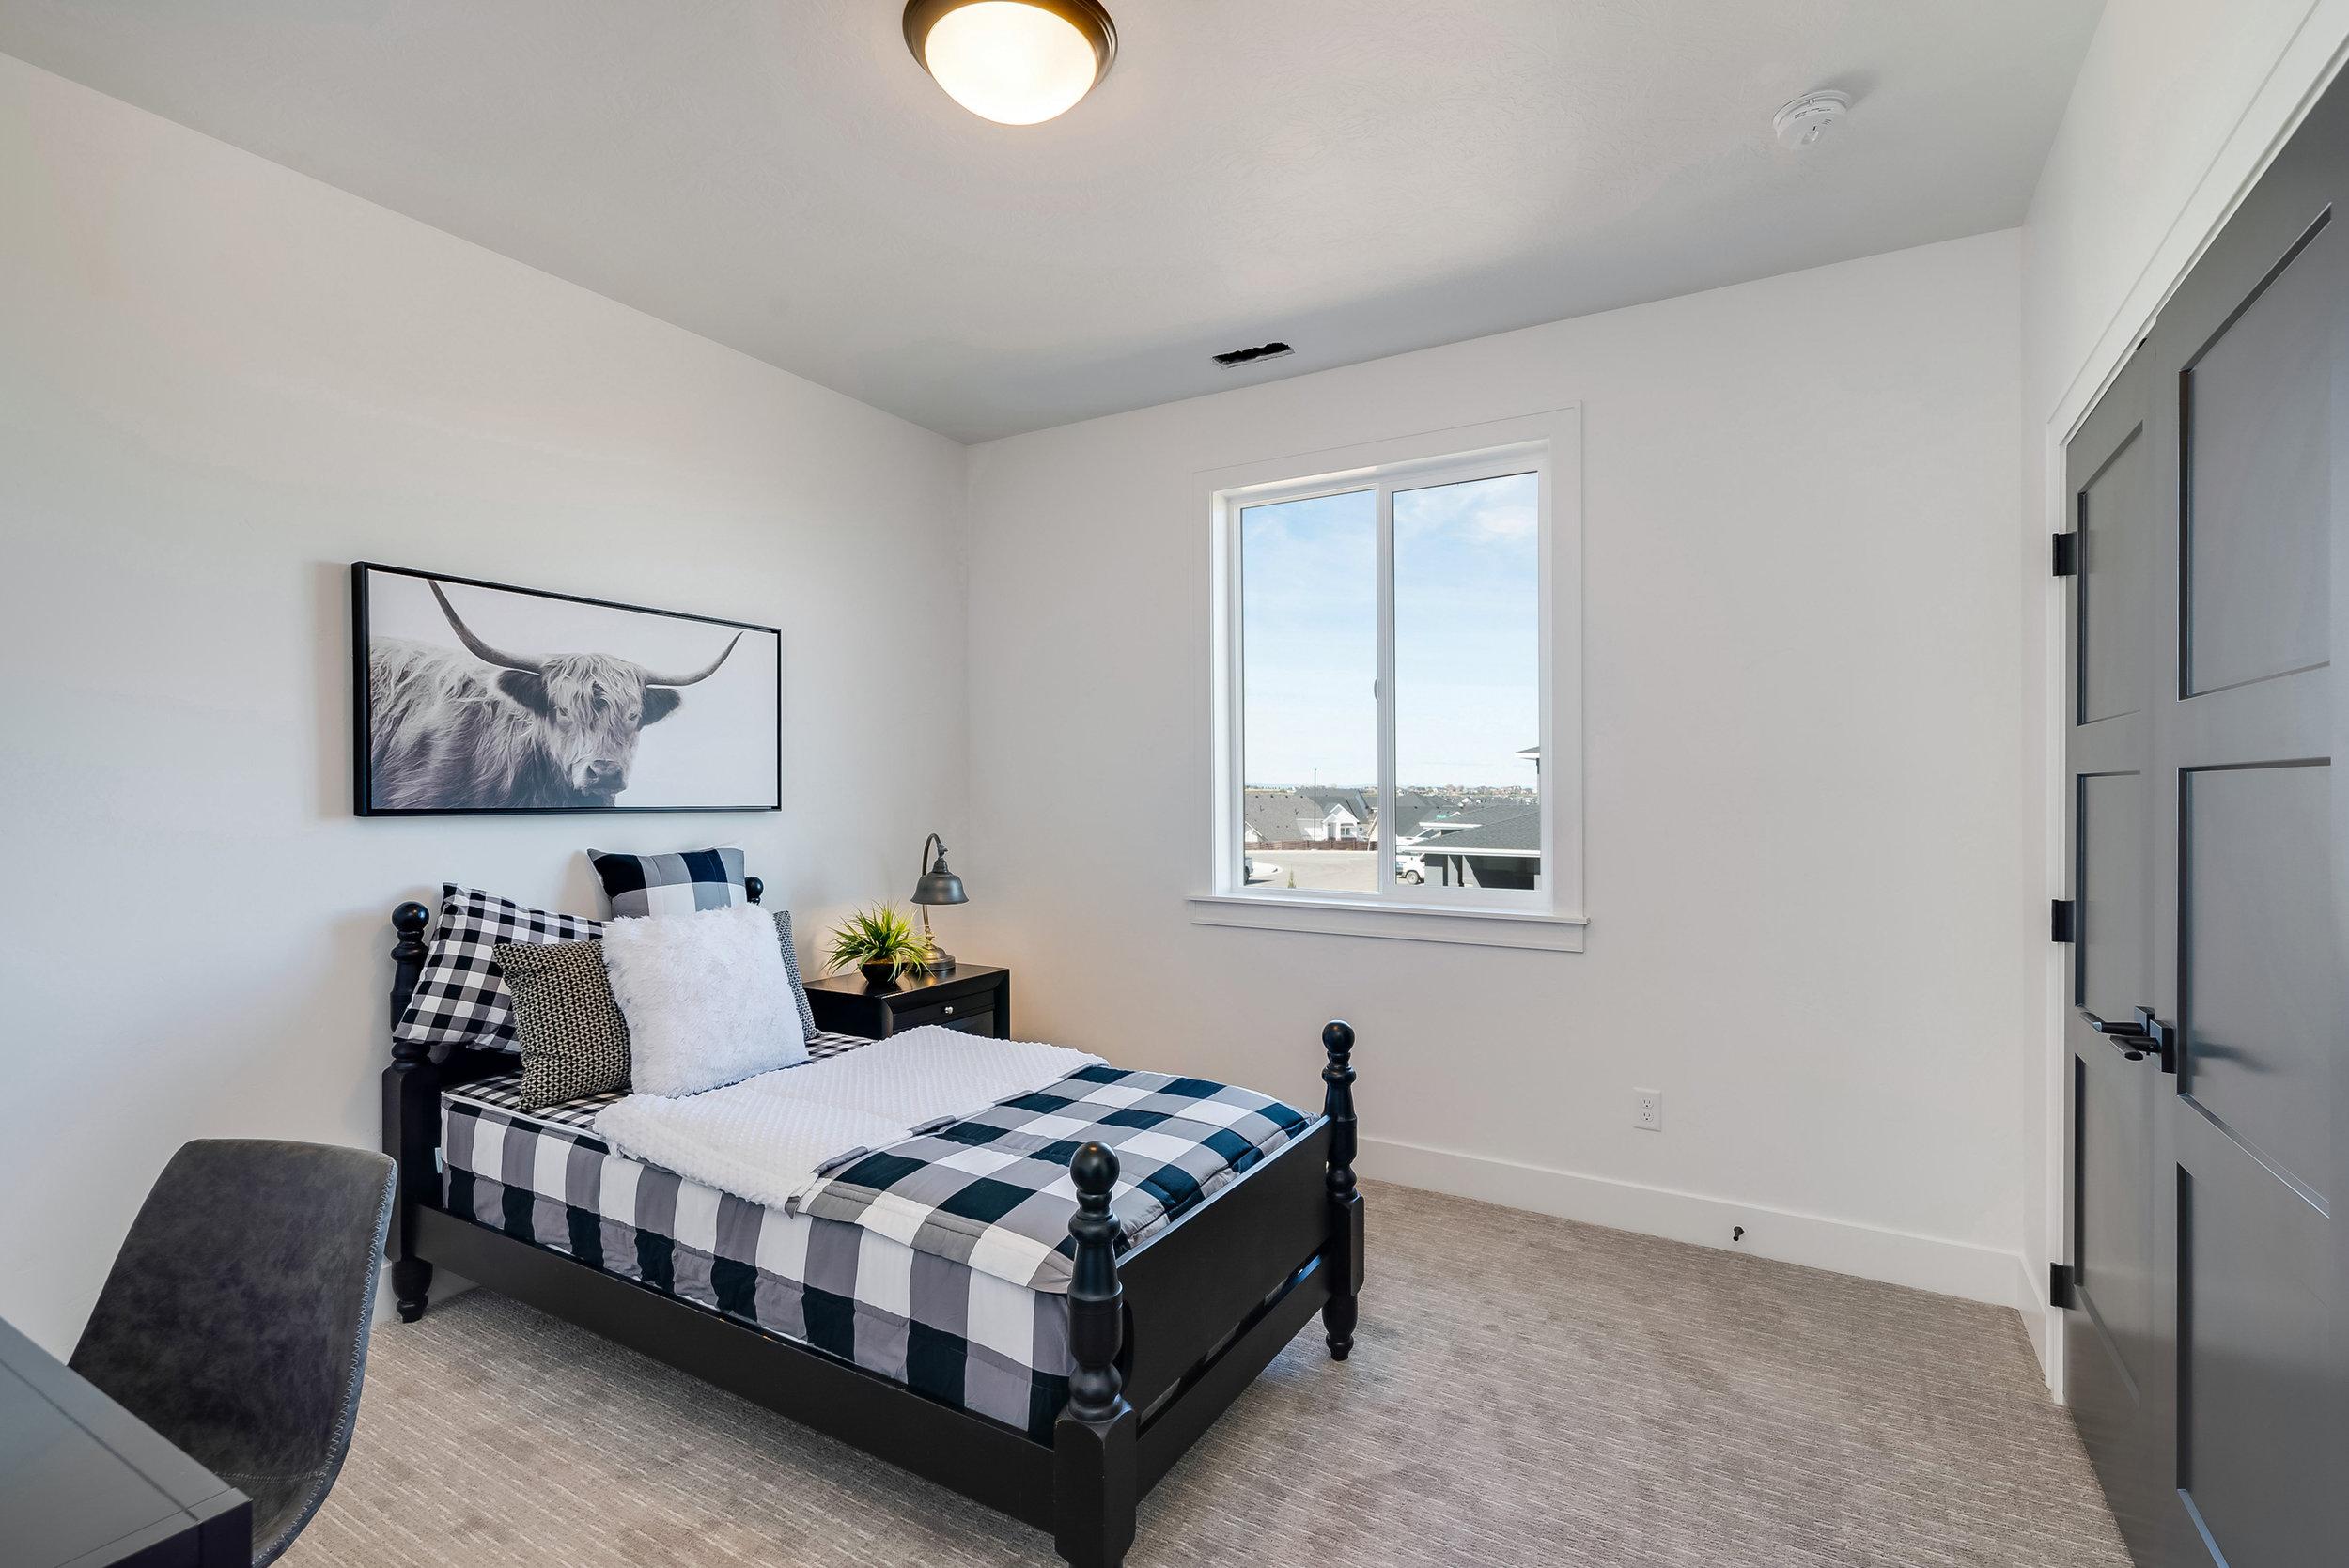 51-Bedroom.jpg
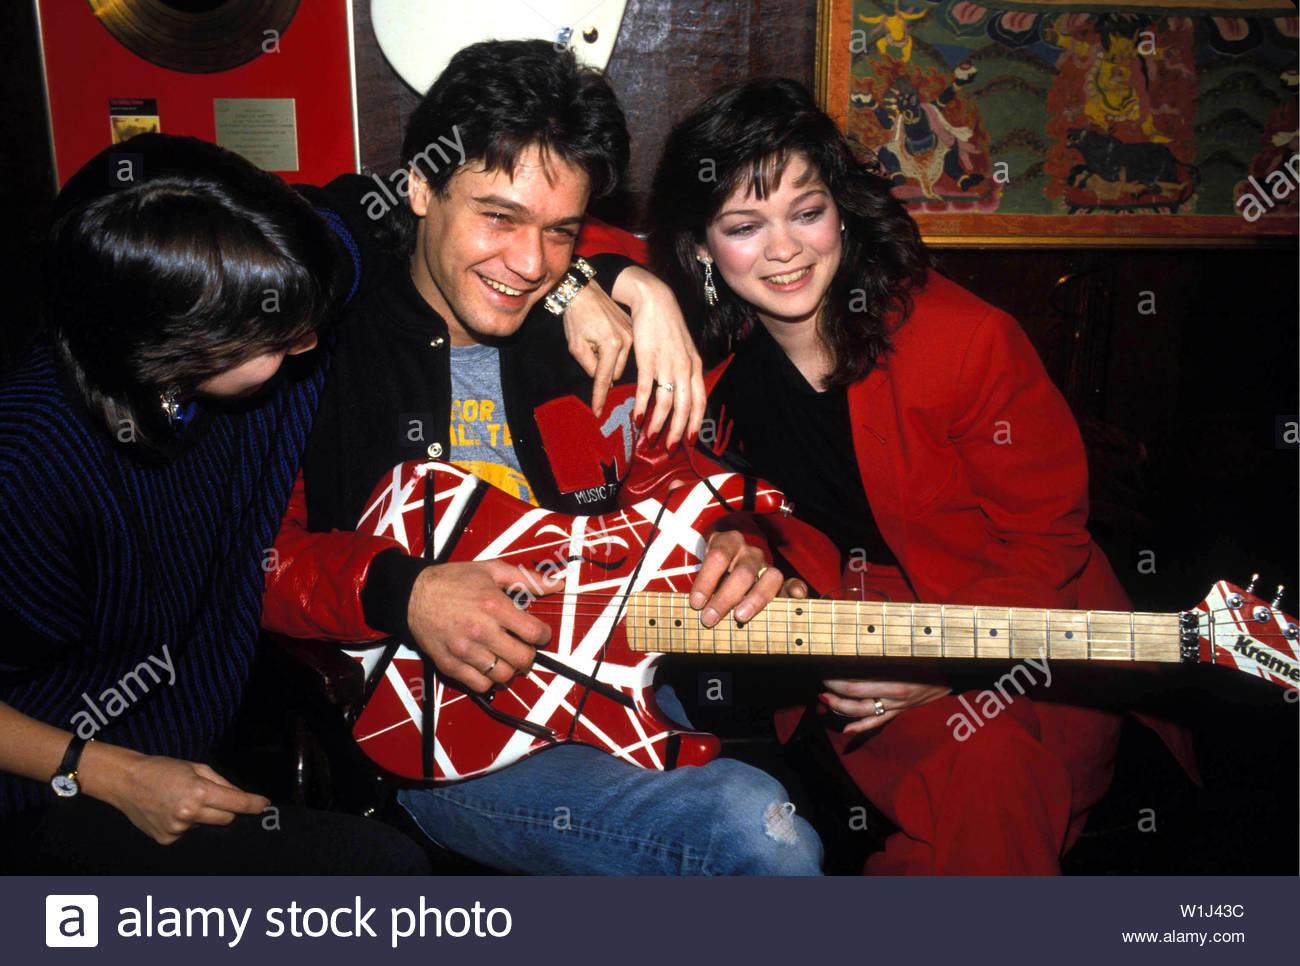 Valerie Bertinelli And Eddie Van Halen In 1985 Credit 3773528globe Photos Mediapunch Stock Photo Alamy
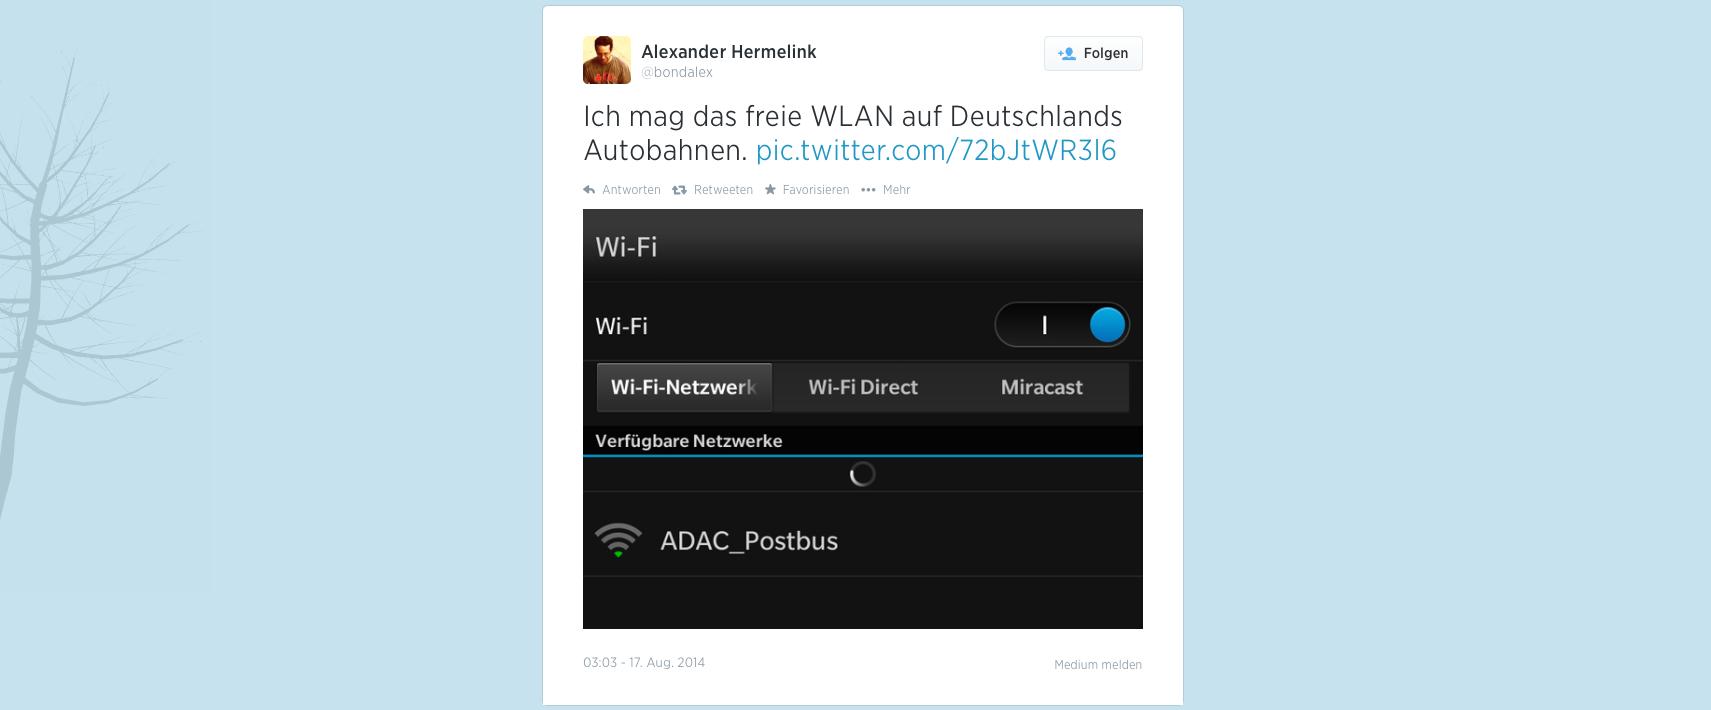 Tweet von Alexander Hermelink, [@bondlatex](https://twitter.com/bondlatex)

• • • • •

*Work to be completed*: Once the pictures are set aside, repeat the data above exactly.

*Reply*:
 51-Bedroom.jpg
 Valerie Bertinelli And Eddie Van Halen In 1985 Credit 3773528globe Photos Mediapunch Stock Photo Alamy
 Tweet von Alexander Hermelink, [@bondlatex](https://twitter.com/bondlatex)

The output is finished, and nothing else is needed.